1）torch.nn.Linear (）

torch.nn.Linear() 是 PyTorch 最基础的全连接层（线性变换层），用于执行以下操作：
在这里插入图片描述

nn.Linear(in_features, out_features, bias=True)，in_features 是输入特征维度，out_features是输出特征维度，bias表示是否使用偏置项，默认为 True

2）K.transpose(-2,-1)

在 PyTorch 中，torch.transpose() 用于交换张量的两个维度。参数 -2 和 -1 是指张量的倒数第二个维度和最后一个维度。

K.transpose(-2, -1) 和 K.transpose(-1, -2) 都是交换最后两个维度，它们的效果完全相同。

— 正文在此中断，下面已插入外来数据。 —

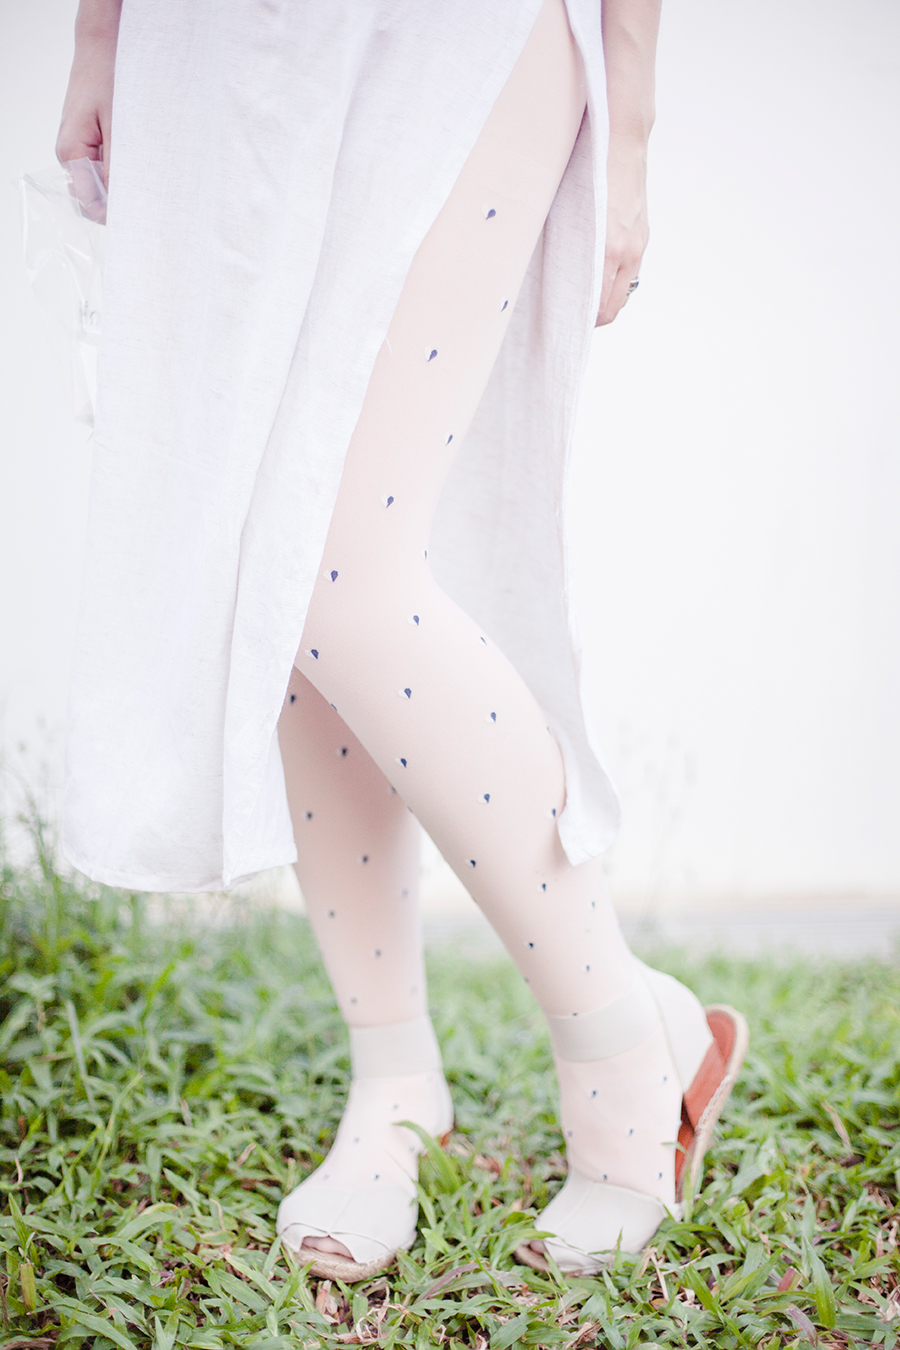 heart-patterned tights, Aldo wrap sandals.

3）torch.triu(torch.ones(seq_len, seq_len), diagonal=1)


mask = torch.triu(torch.ones(seq_len, seq_len), diagonal=1)  # 生成上三角部分为 1

此函数解释：

torch.ones(seq_len, seq_len) 生成 seq_len × seq_len 矩阵，所有元素都是 1

torch.triu(…, diagonal=1)
torch.triu（）如果不设置diagonal，即diagonal默认为0，表示取该矩阵的上三角部分为1（包含主对角线及以上的元素），其余元素置为 0。
如果diagonal=1，表示把主对角线本身置为 0，上三角部分是主对角线以上的元素

这样返回一个seq_len=5的mask矩阵：

tensor([[0., 1., 1., 1., 1.],
        [0., 0., 1., 1., 1.],
        [0., 0., 0., 1., 1.],
        [0., 0., 0., 0., 1.],
        [0., 0., 0., 0., 0.]])

4）attention_scores.masked_fill(mask==1,float('-inf'))

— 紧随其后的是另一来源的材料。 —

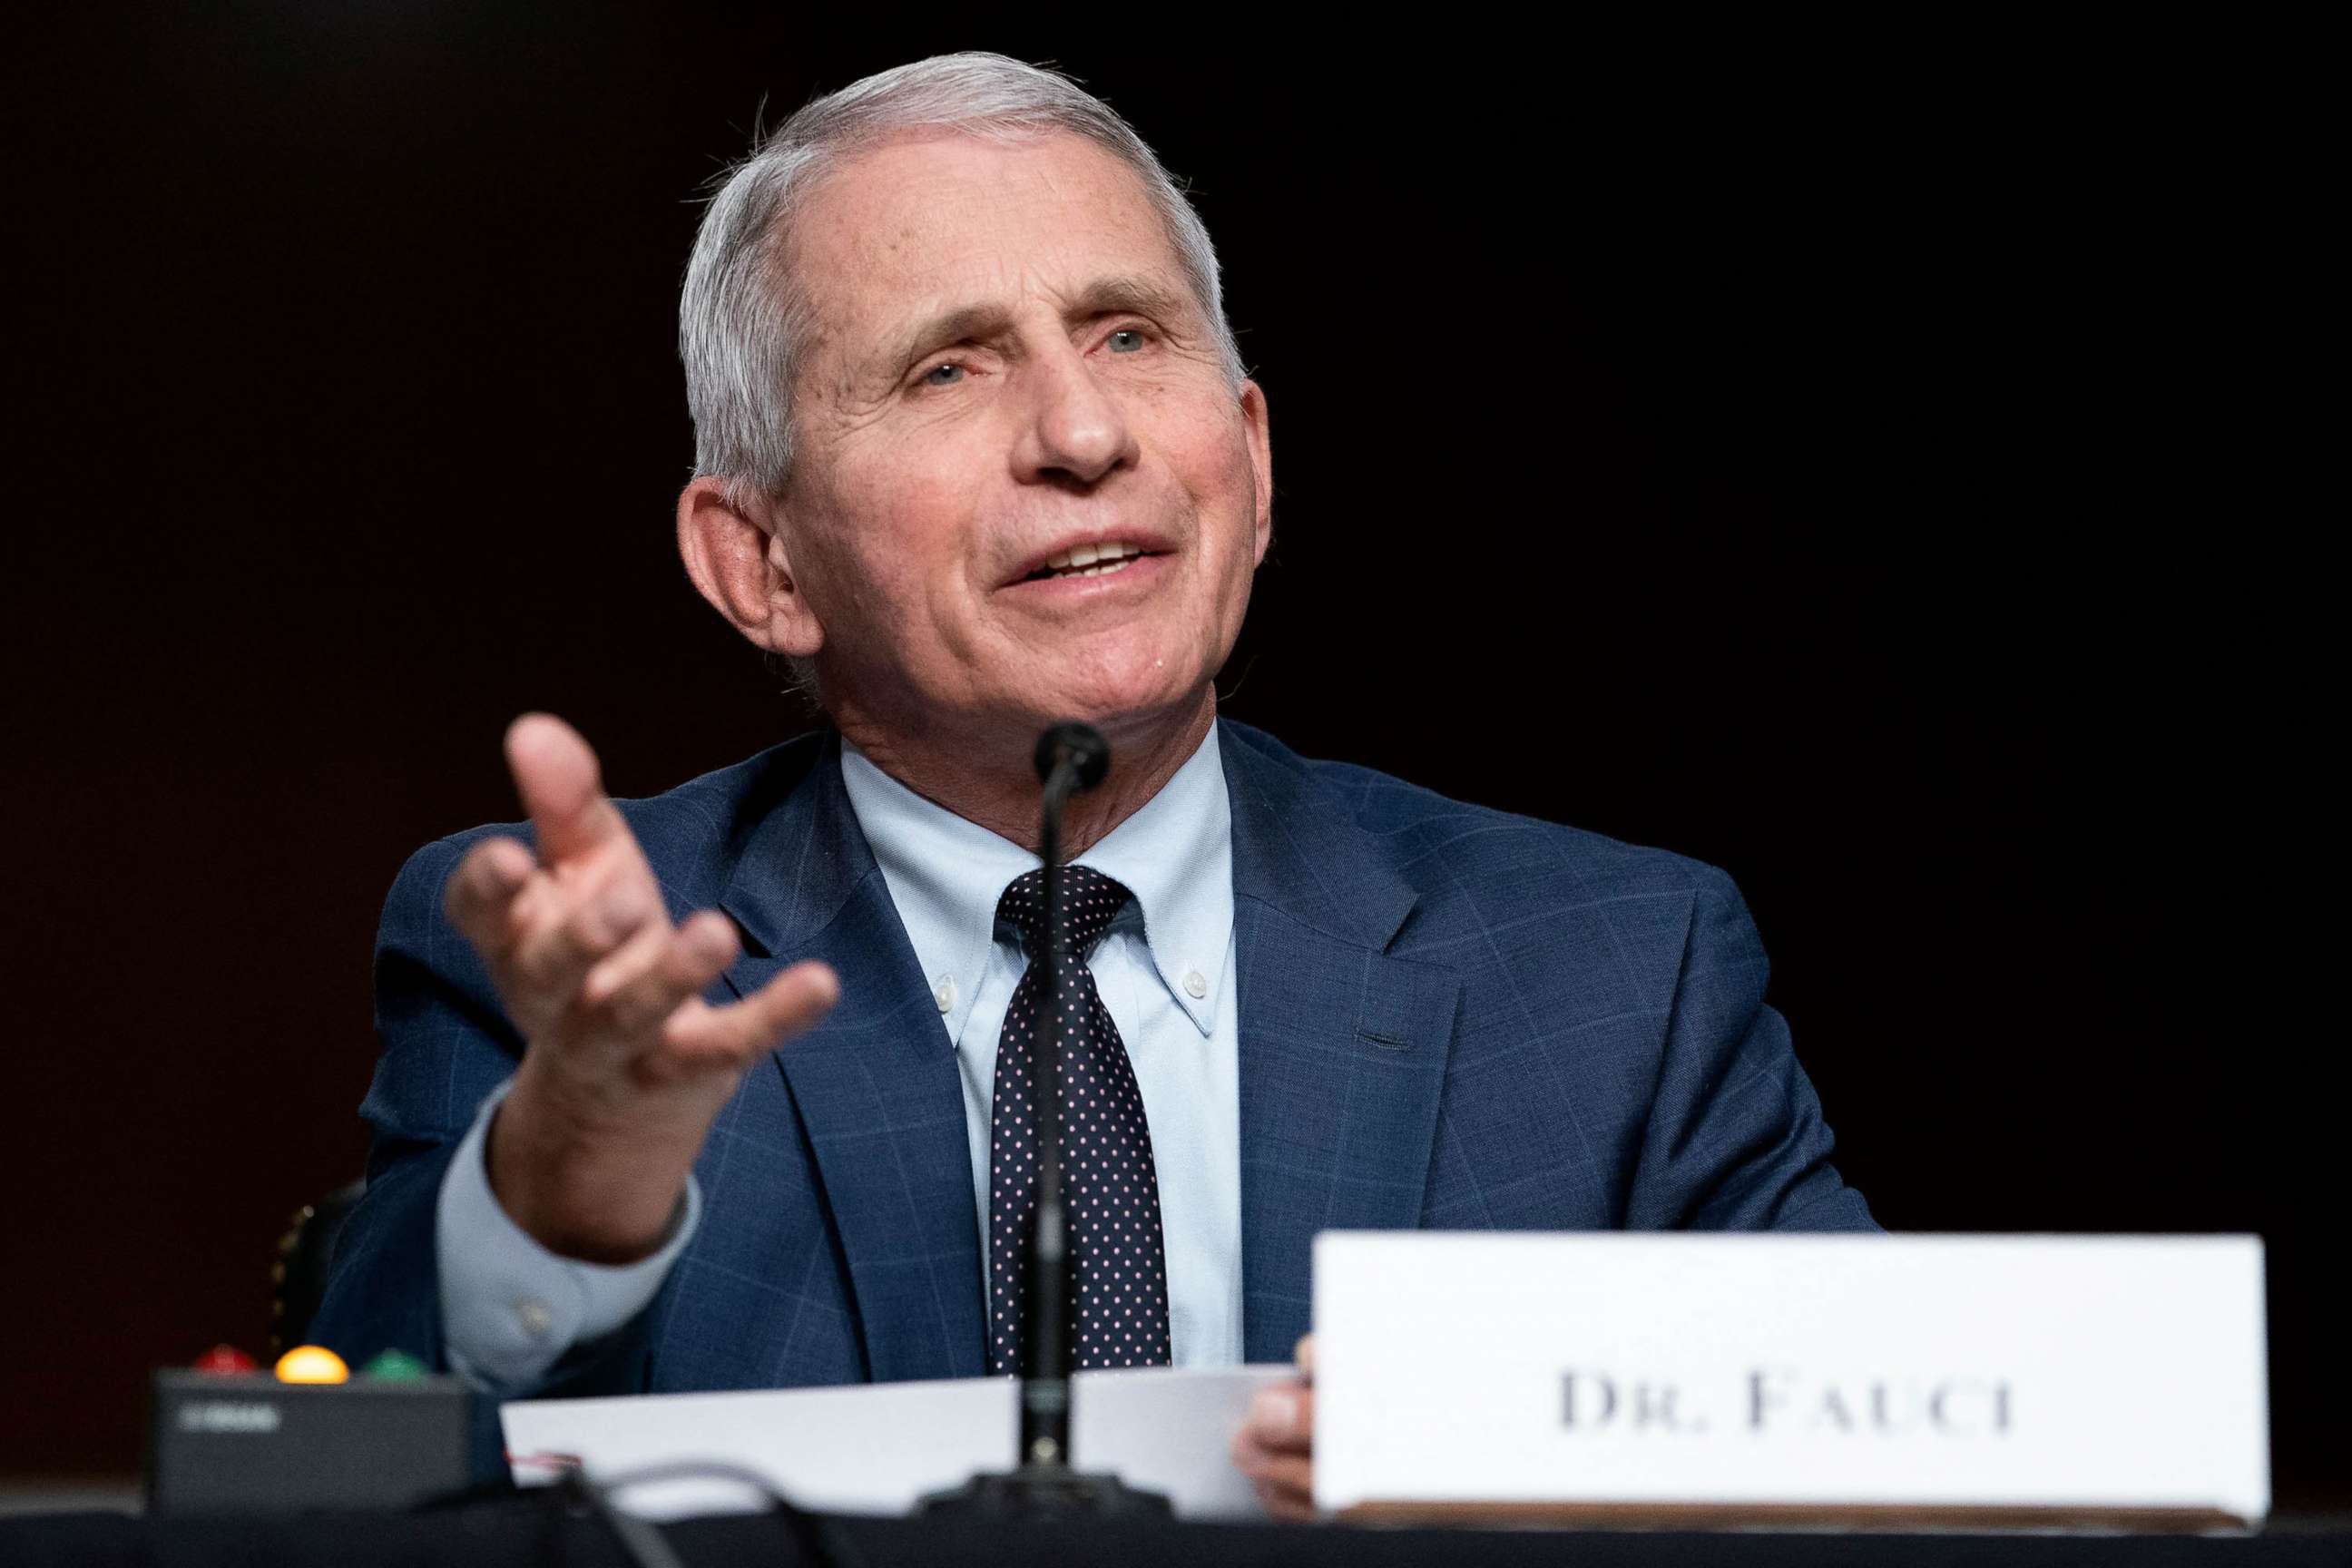 PHOTO: Dr. Anthony Fauci gives an opening statement during a Senate Health, Education, Labor, and Pensions Committee hearing to examine the federal response to Covid-19 and new emerging variants on Capitol Hill, Jan. 11, 2022.

作用： 根据 mask矩阵进行掩码处理，将 mask == 1 的位置填充为 -inf（负无穷），使其在 softmax 计算时权重变为 0

masked_fill 属于 PyTorch 张量（torch.Tensor）的方法，用于根据布尔掩码（mask）填充指定值。masked_fill 的语法： tensor.masked_fill(mask, value)

tensor：要修改的张量
mask：布尔掩码（True/False 或 0/1）
value：要填充的值（如 -inf）

解释：attention_scores.masked_fill(mask==1,float('-inf'))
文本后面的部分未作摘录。